WORK REQUIRED:
The full listing is to be returned exactly as given, but without pictures.

EXERCISE DATA:
BEGIN

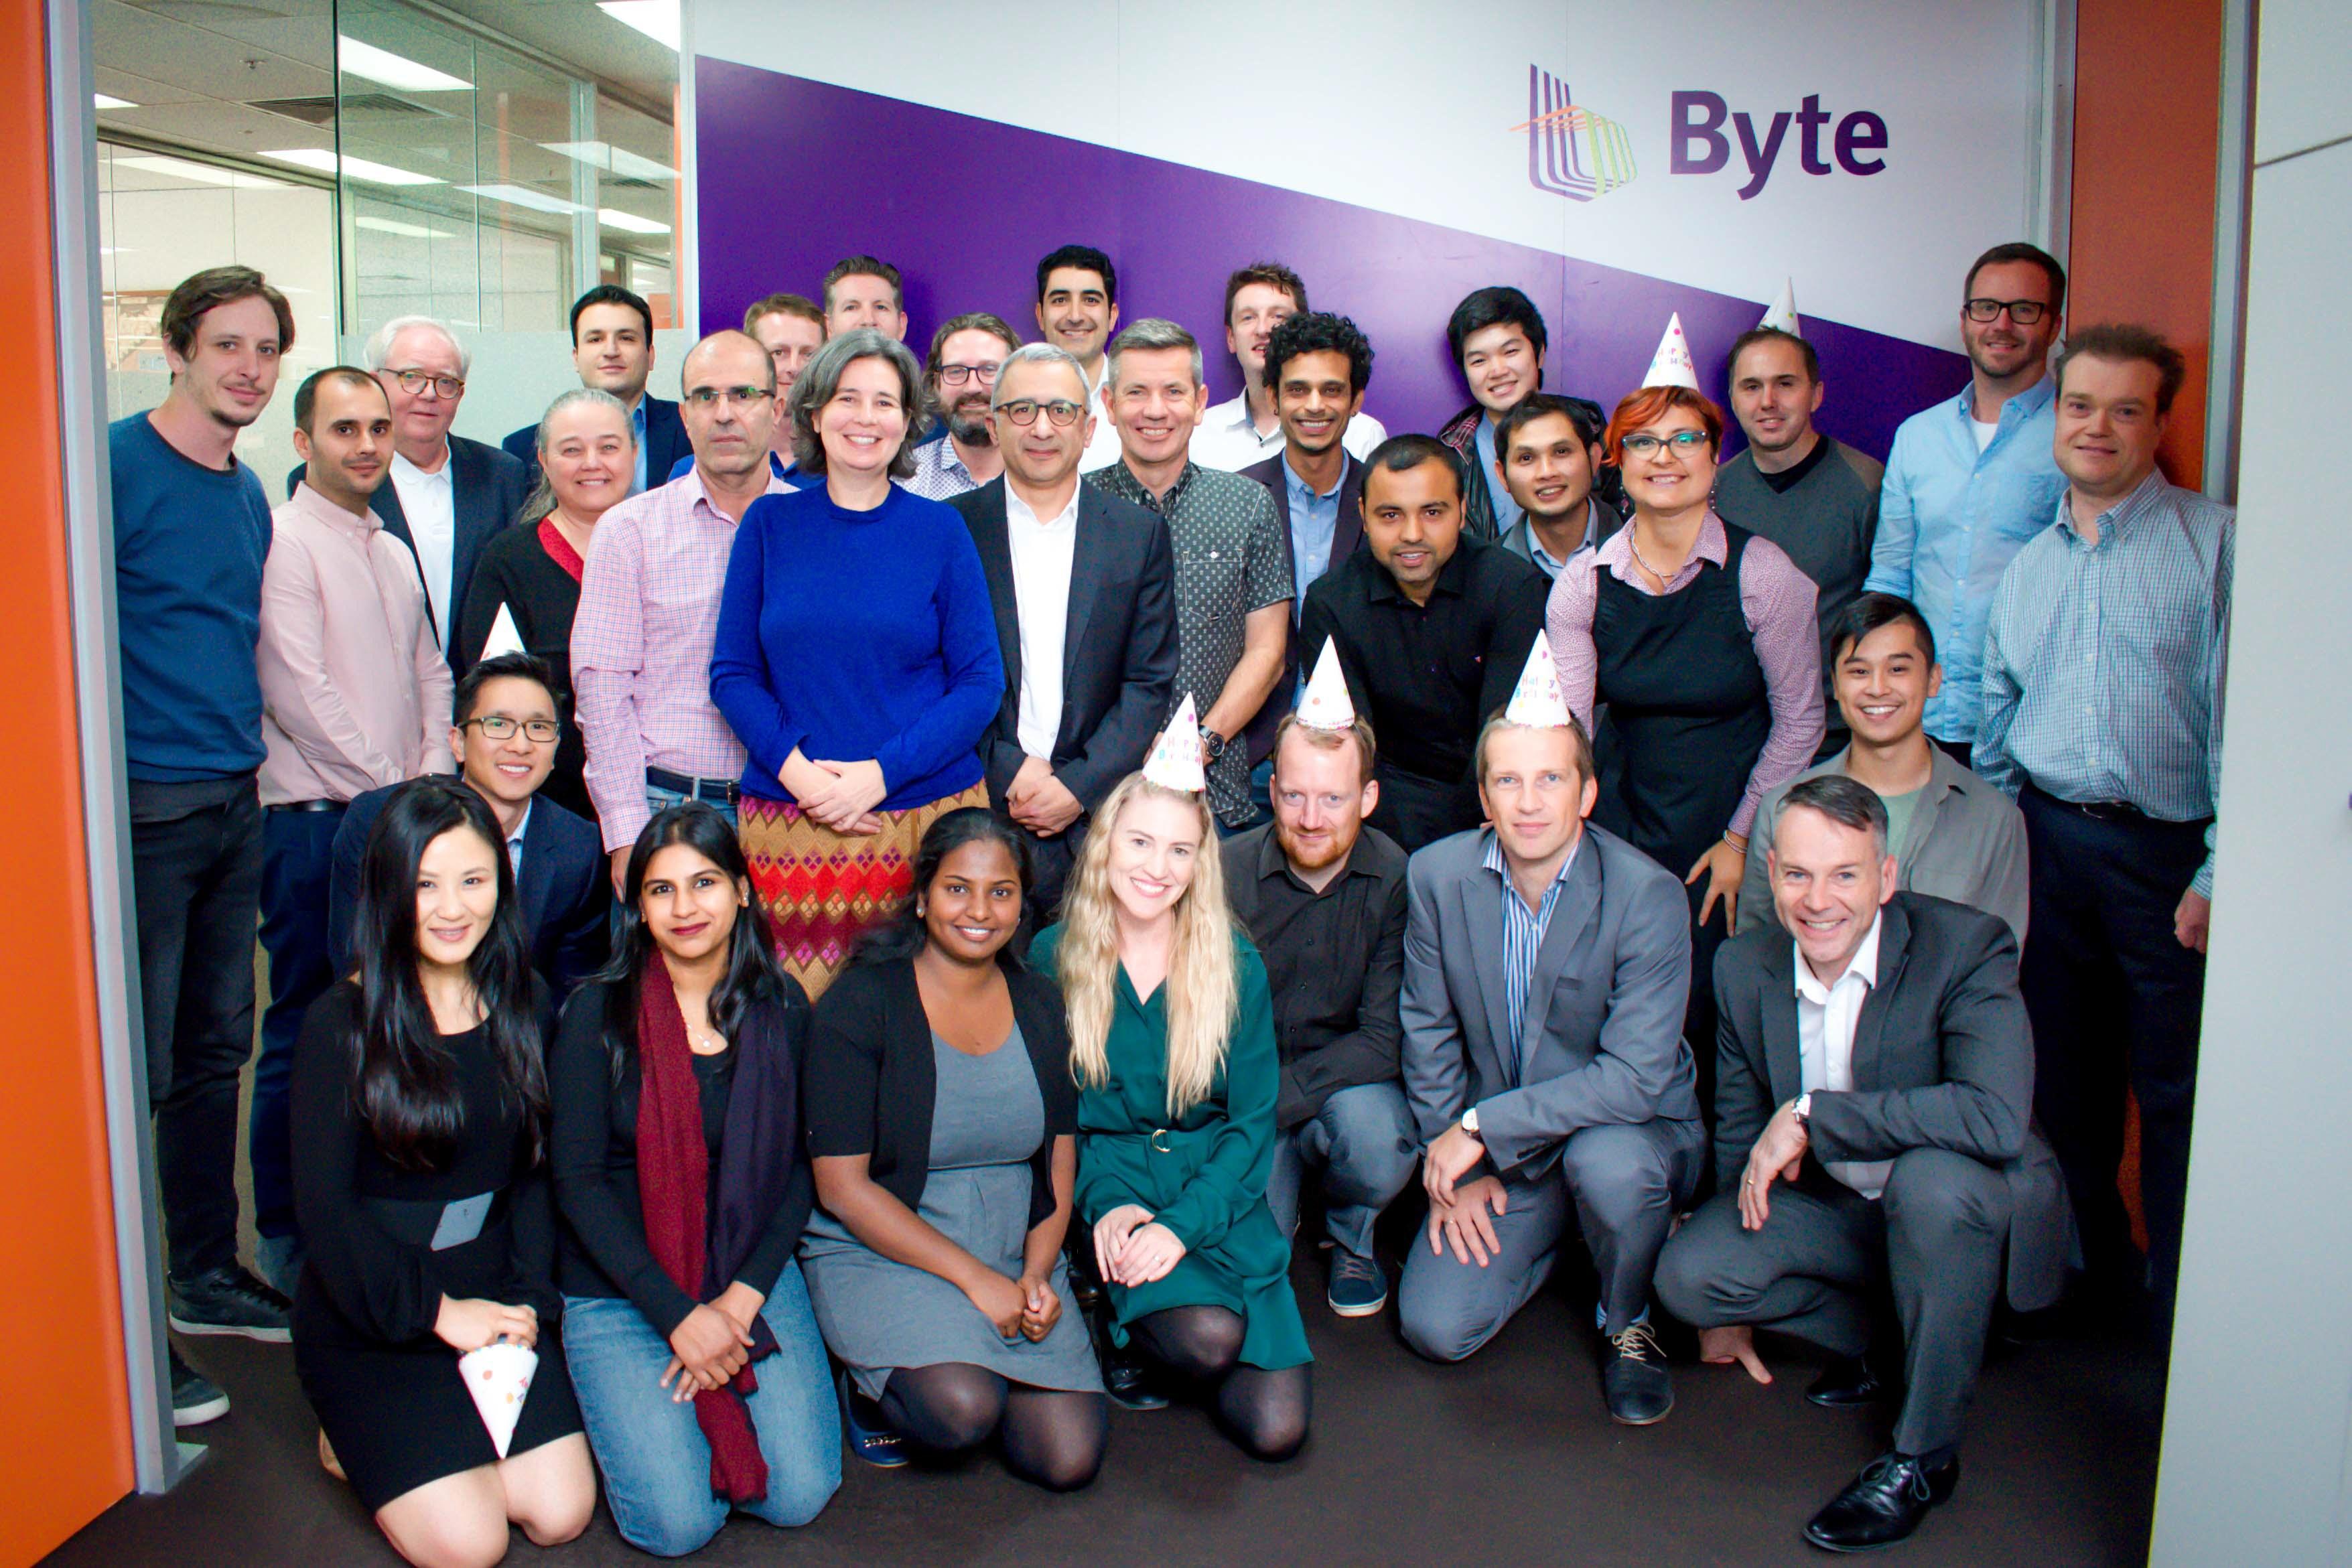 Byte's team
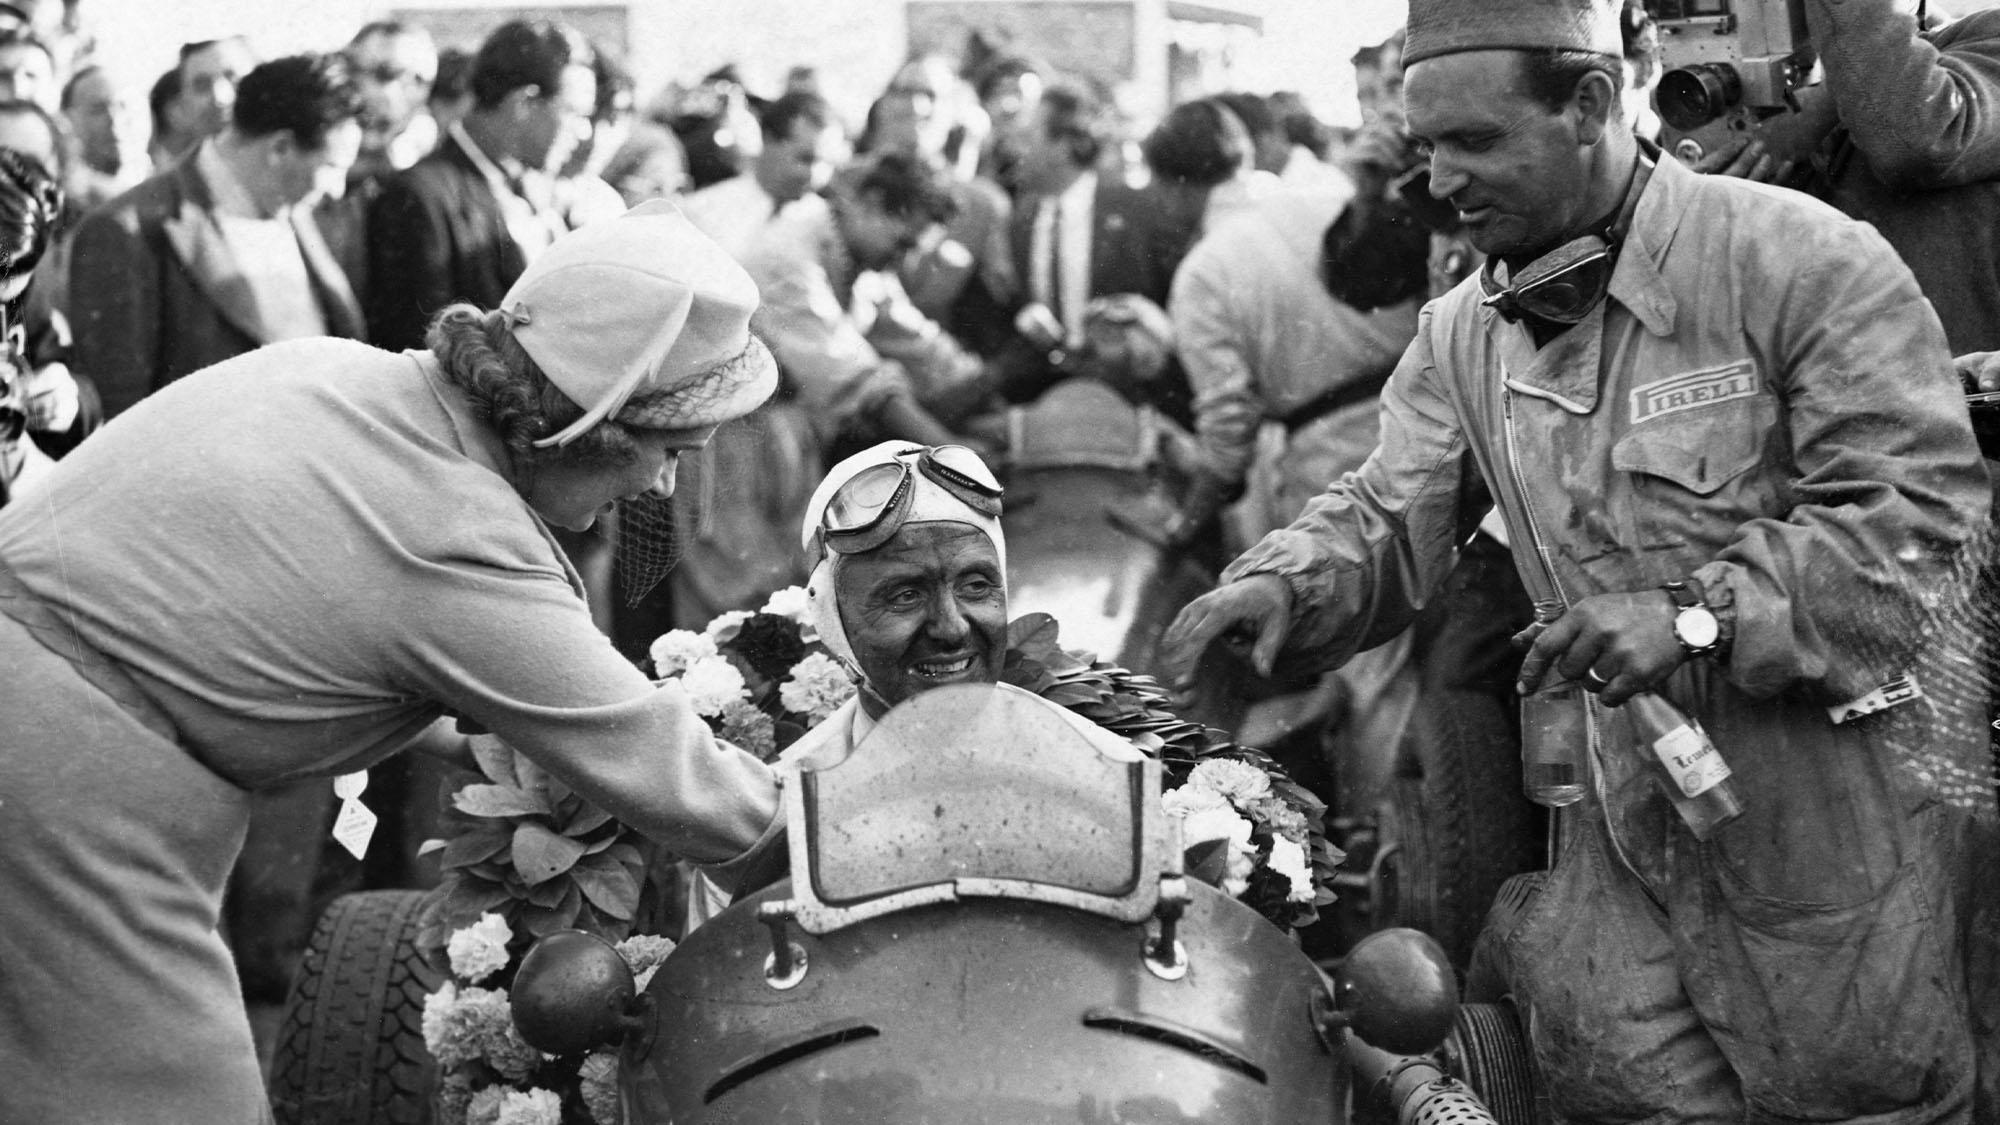 Lady Howe puts a wreath around Luigi Villoresi in his Maserati racecar after he won the International Grand Prix. (Photo by © Hulton-Deutsch Collection/CORBIS/Corbis via Getty Images)
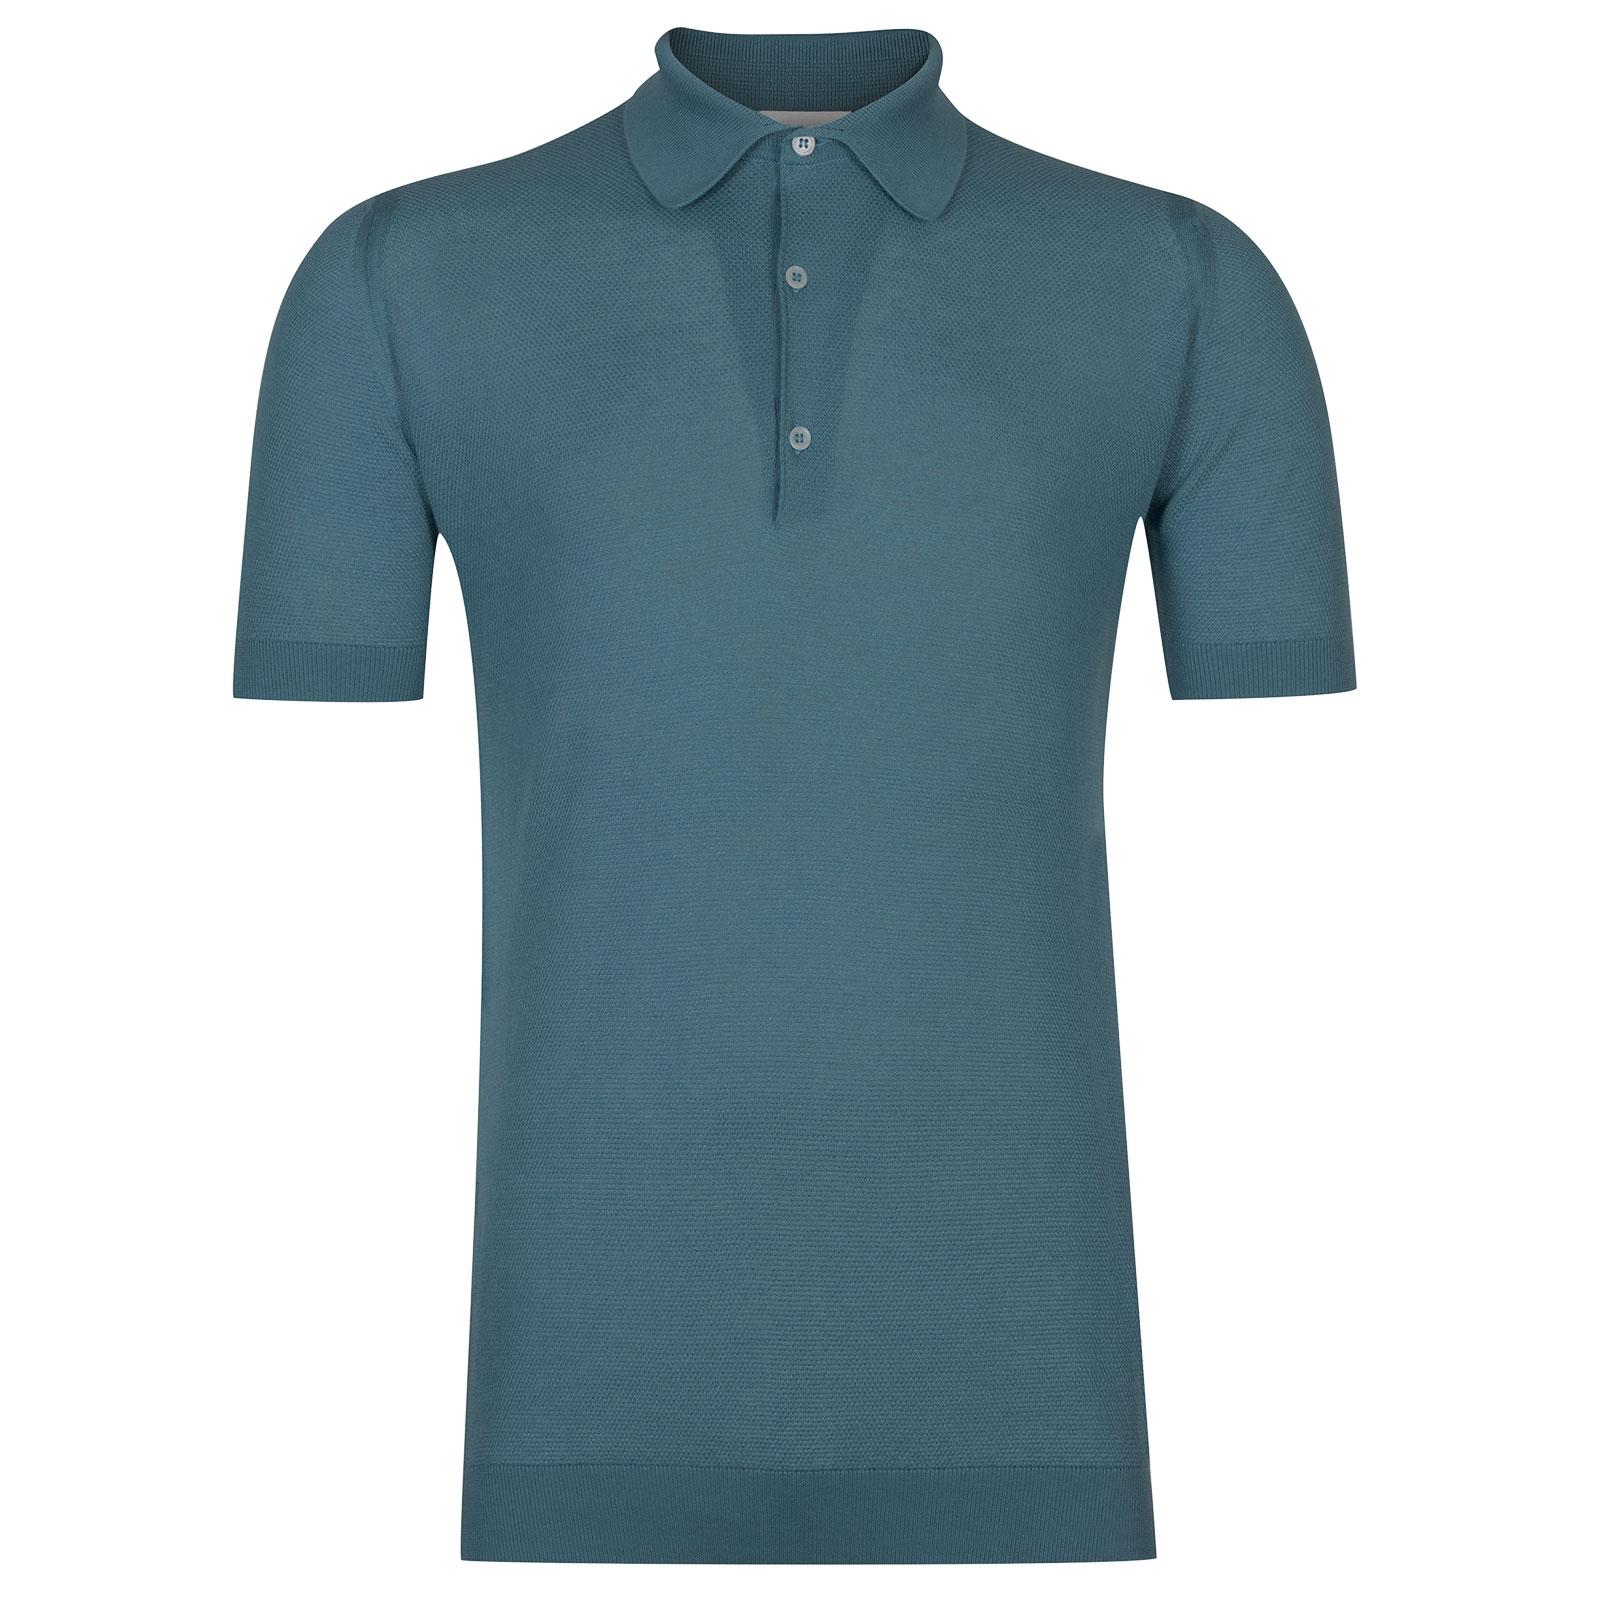 John Smedley Roth in Dewdrop Blue Shirt-MED

END

YOUR RESPONSE:
 Byte's team
 Lady Howe puts a wreath around Luigi Villoresi in his Maserati racecar after he won the International Grand Prix. (Photo by © Hulton-Deutsch Collection/CORBIS/Corbis via Getty Images)
 John Smedley Roth in Dewdrop Blue Shirt-MED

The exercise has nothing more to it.